И в это воскресенье, глядя вниз, я думал о кости монстра, которую нашел вчера в сухом сланце и песке под утесом. Когда Три Мудреца увидели звезду на востоке, та кость была такой, какой я ее нашел. Она была там, когда родился Христос. Она была там, нетронутая и недвижная, до того, как был основан Рим, до того, как Троя умерла в туманах прошлого, до того, как история, какой мы ее знаем, началась. Она была там миллион лет назад, десять миллионов, пятьдесят, сто. И, думая об этом, я чувствовал, как становлюсь все меньше и меньше; мой эгоизм умирал, и я видел эти горы стертыми и находящимися под синевой огромного океана, и, поднимаясь из этого океана, я видел другие континенты, населенные другими людьми, движимые другими религиями, бьющиеся в пульсе других цивилизаций, давно умерших.

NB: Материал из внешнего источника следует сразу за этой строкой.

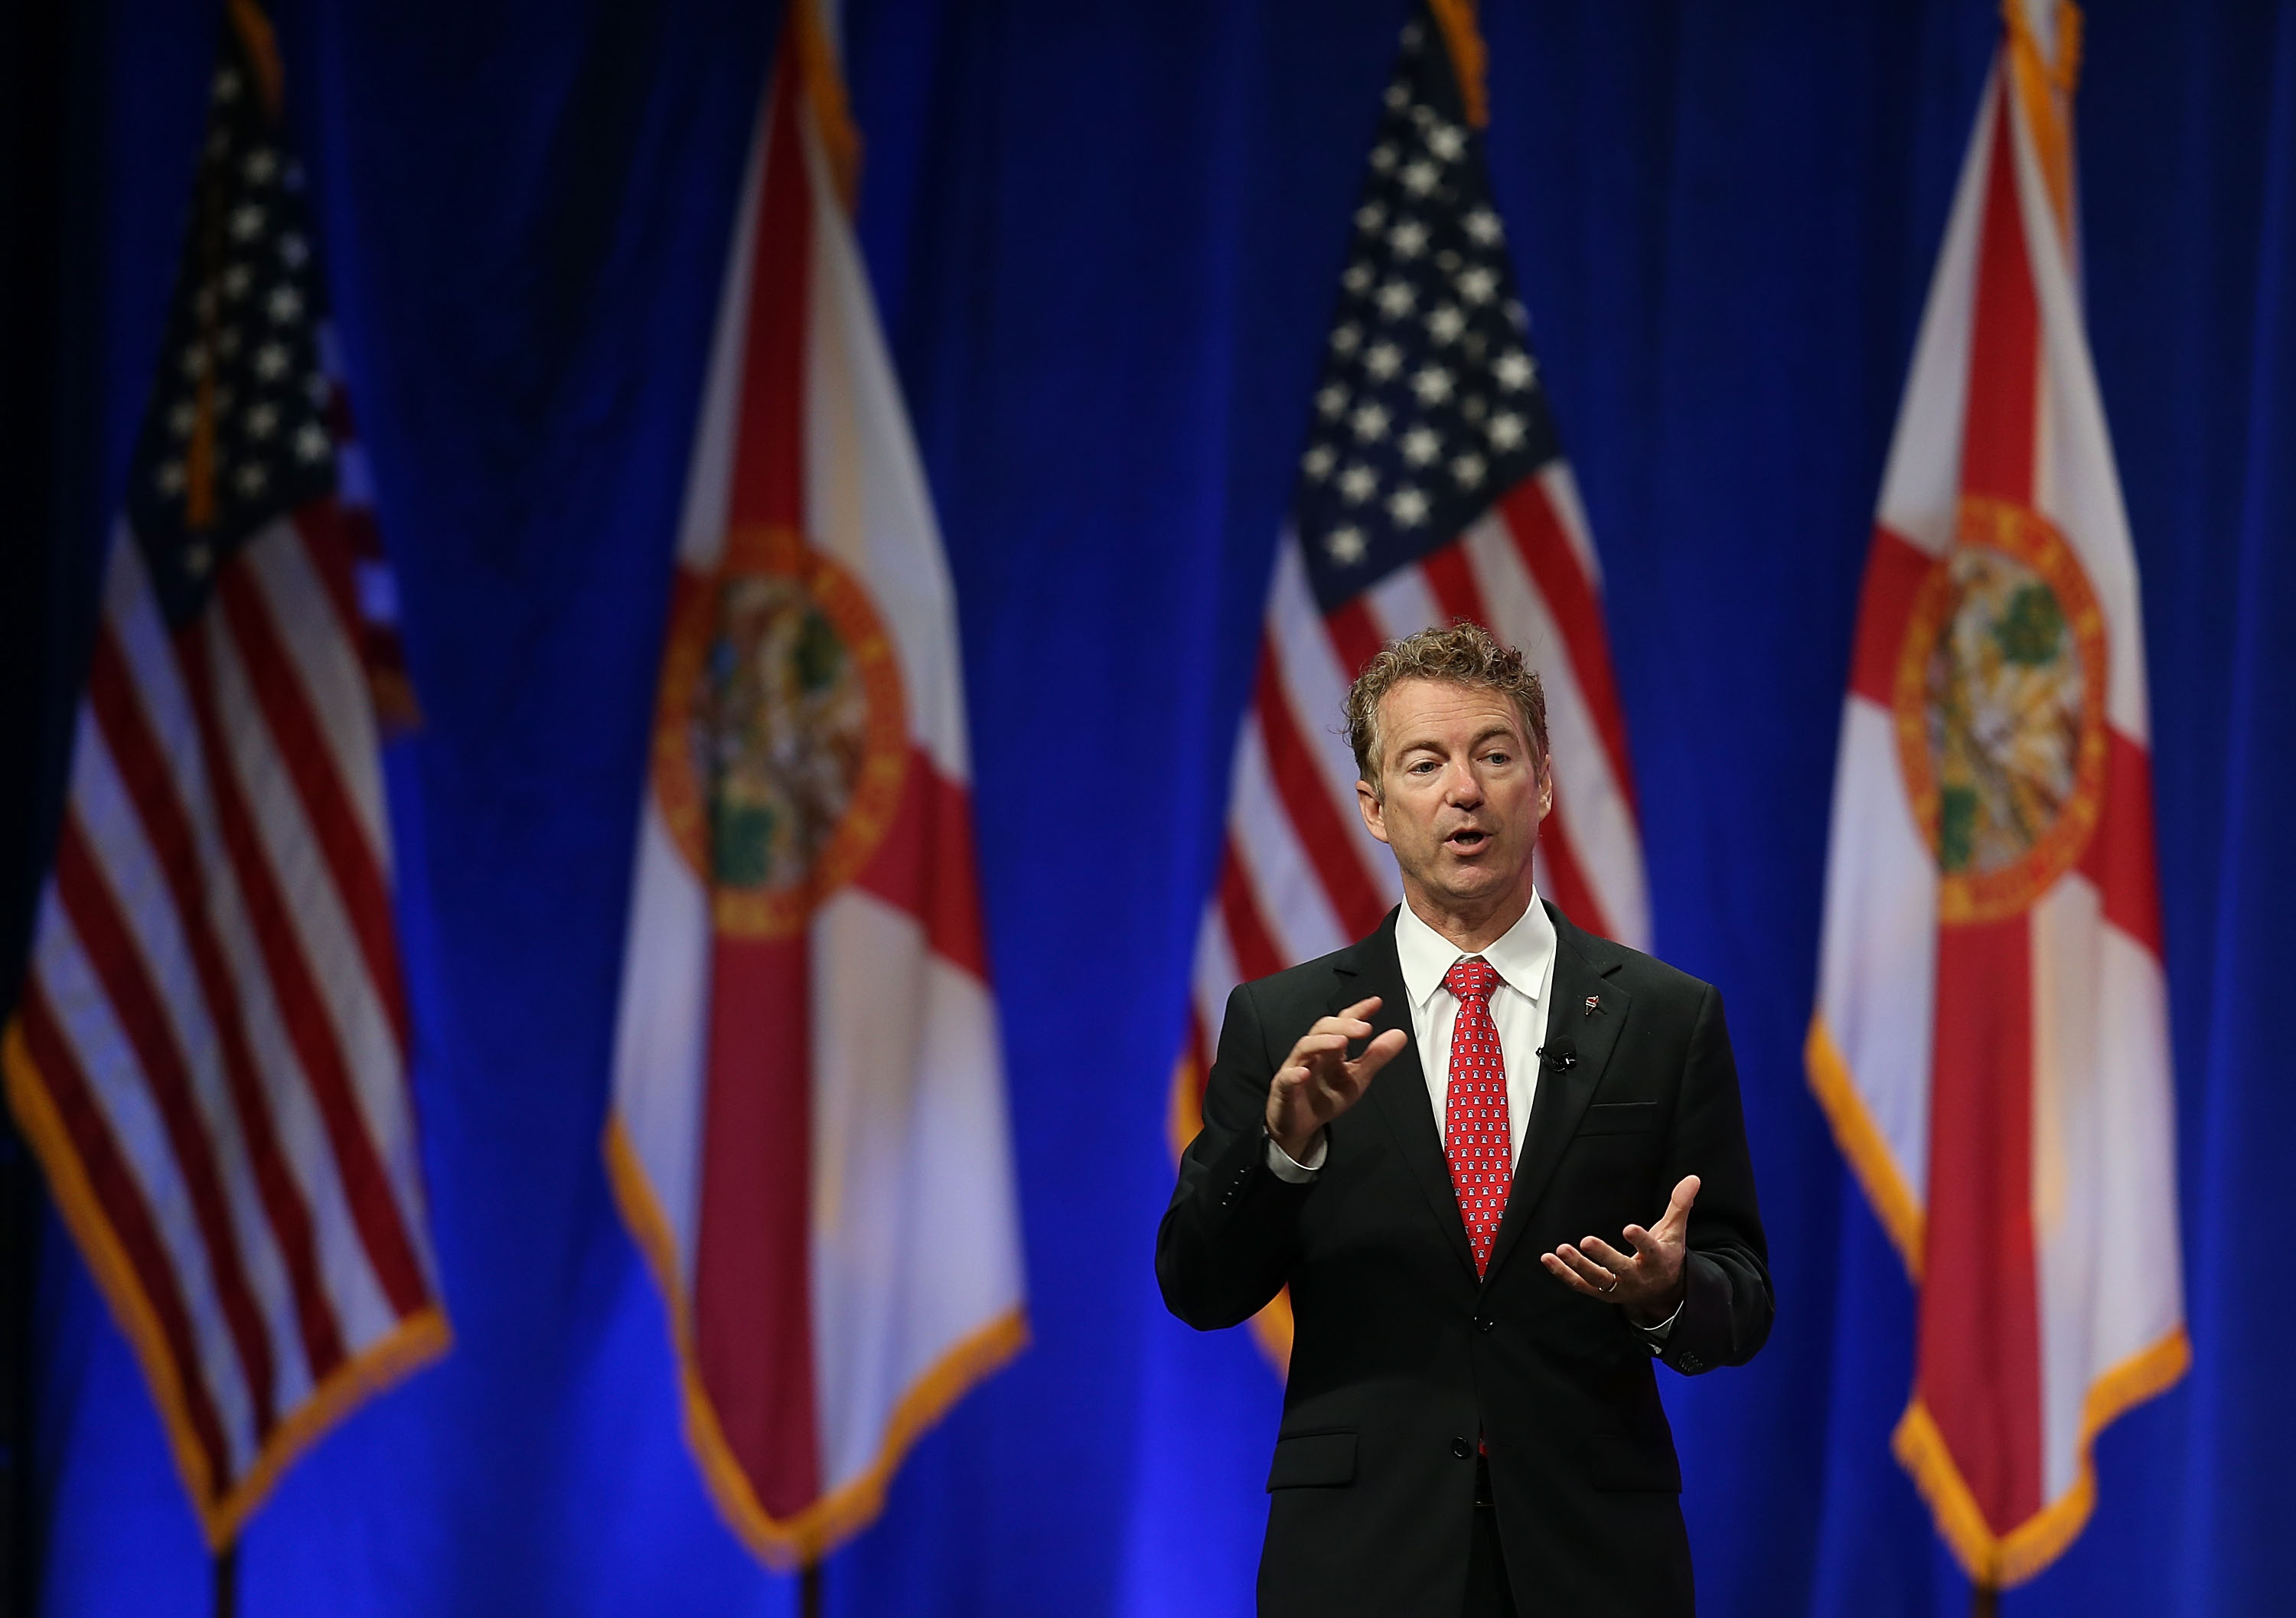 Republican presidential candidate Sen. Rand Paul (R-KY)  speaks during the Sunshine Summit conference being held at the Rosen Shingle Creek in Orlando, Florida, on Nov. 14, 2015.

Я слышал биение волн подо мной, где росла трава и цветы долины. И гудящая музыка той долины, казалось, превращалась в тихий шепот бесчисленных триллионов мужчин, женщин и маленьких детей, которые жили и умерли в тех других цивилизациях потерянных эпох; и этот причудливый шепот мертвых миров открыл мне великую истину — что Высший Арбитр вещей наблюдал за всеми этими триллионами так же, как он сейчас наблюдает за мной, что я был лишь жалко малой песчинкой в великой схеме вещей, что мой эгоизм был преступным, святотатственным, проклятием, наложенным на самого себя мною самим. И мягкий гудящий шепот также сказал мне, что придет время, когда моя собственная «цивилизация» будет стерта, чтобы смениться сотней, тысячей или миллионом других, каждая в свою очередь будет жить и умирать.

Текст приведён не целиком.